## [EXERCISE DESCRIPTION]
No image is to be carried over; reproduce the rest of the listing word for word.

## [DATASET EXCERPT]
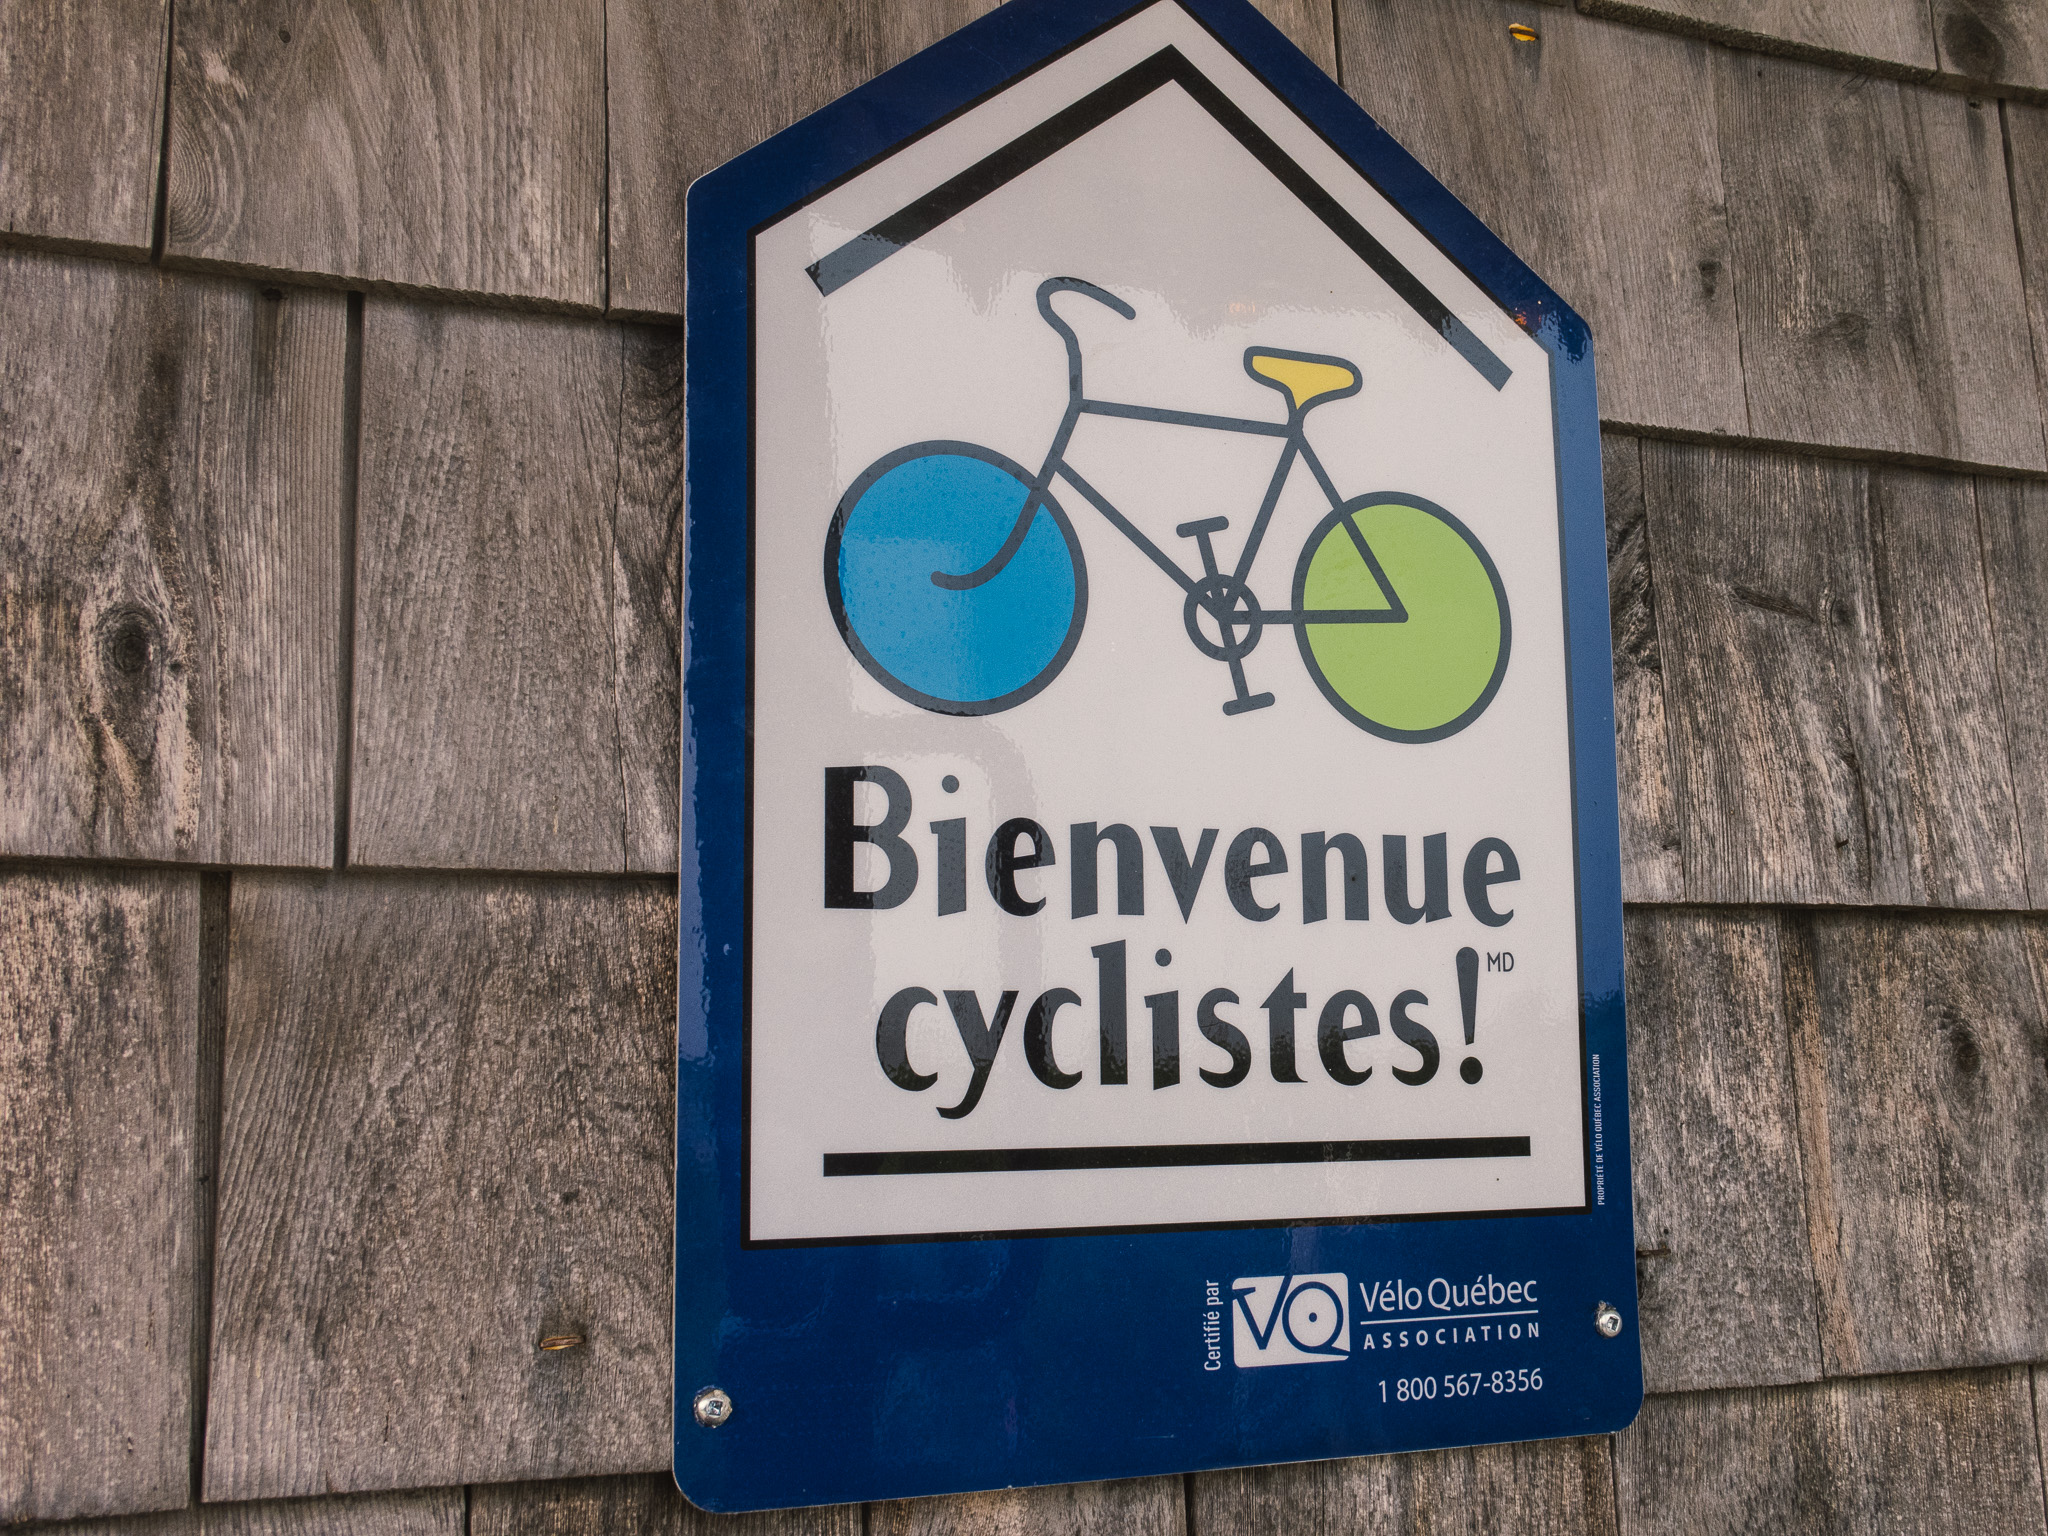 Bienvenue cyclistes! sign
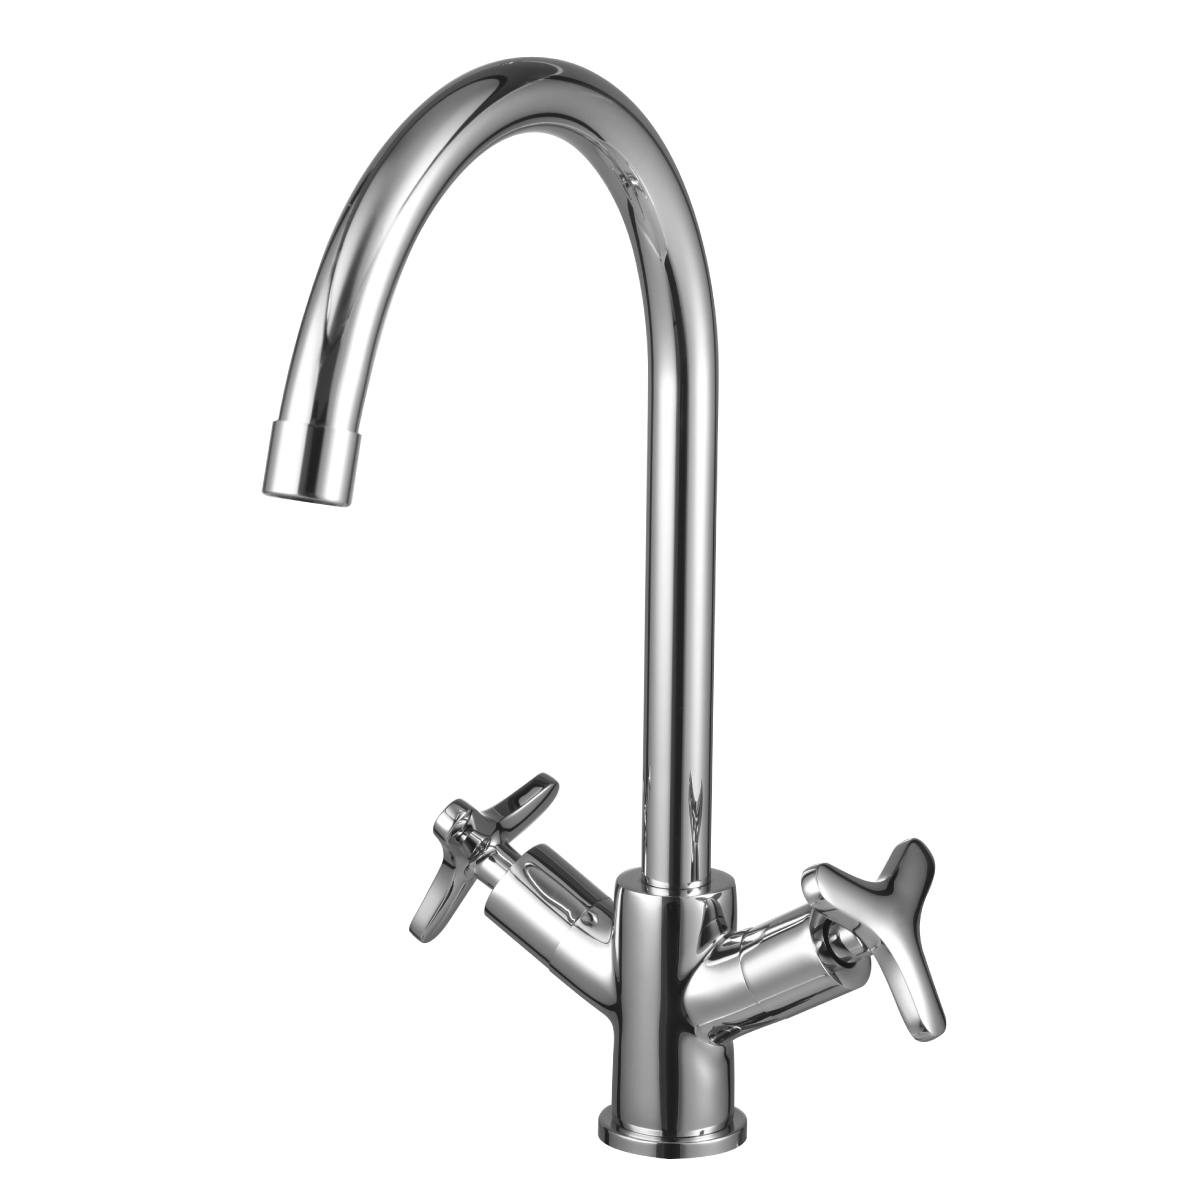 LM1905C Kitchen faucet
with swivel spout

## [ANSWER BOX]
 Bienvenue cyclistes! sign
 LM1905C Kitchen faucet
with swivel spout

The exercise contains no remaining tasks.